The last Sonic Youth album I spent any time at all with was Washing Machine from way, way back in 1995. The Eternal picks up exactly where we left off though…and that’s kind of a problem.

If any band was about sounding up to the minute, that band was the aptly named Sonic Youth. They were dissonant, they were cool as shit, and, most of all, they were surprising. Even on the post-classic period Washing Machine they seemed to be trying new things, as when they buried the album’s best pop hook in the 19 minute swathe of noise that was “The Diamond Sea.”

For an avant-band like Sonic Youth, that kind of “fuck-you” isn’t a bug; it’s the whole point. You’re there to have them set you back on your heels, either with the uncompromising but earthy squall of their early albums, or with the way they turned sneering political protest into breathy celebration and back again on Dirty’s “Swimsuit Issue.”

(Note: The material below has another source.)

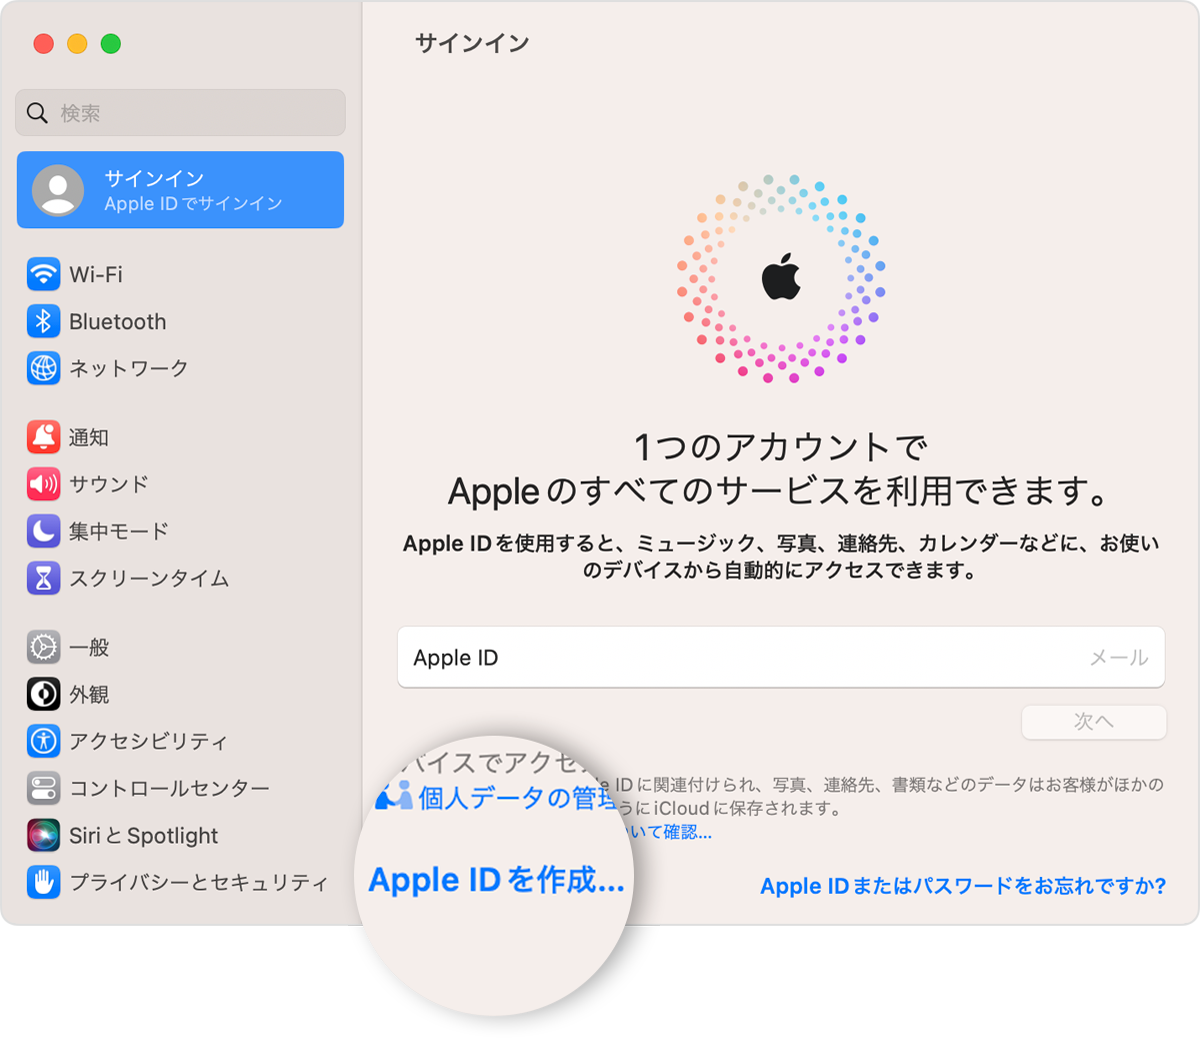 Mac の「システム設定」で Apple ID を作成する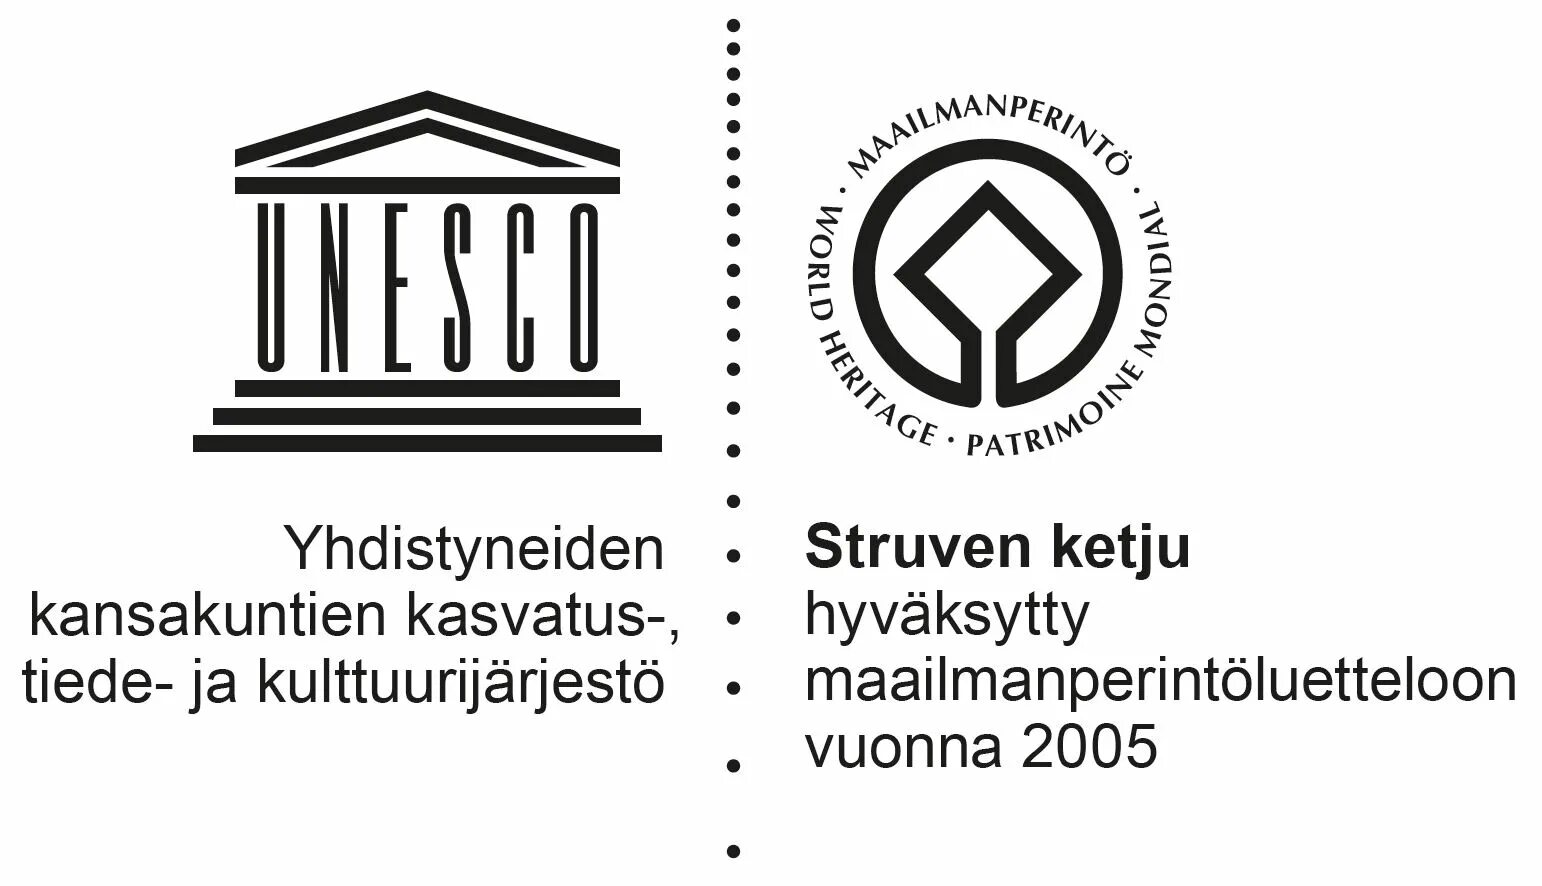 Unesco site. ЮНЕСКО. ЮНЕСКО эмблема. Символ ЮНЕСКО.

All of which is to say that The Eternal is the one thing that a Sonic Youth album should never be. It’s predictable. Not that it’s a Metallica-level embarrassment — “Leaky Lifeboat” has a pretty, almost classical picked motif; “Antenna” is catchy as hell. But the music doesn’t do anything the band wasn’t doing already fifteen years ago. Merle Haggard can get away with that sort of thing because his music is about tradition and fidelity. But Sonic Youth is about something else. And if you can’t stay young, “The Eternal” starts to sound like a very long and very tedious slog.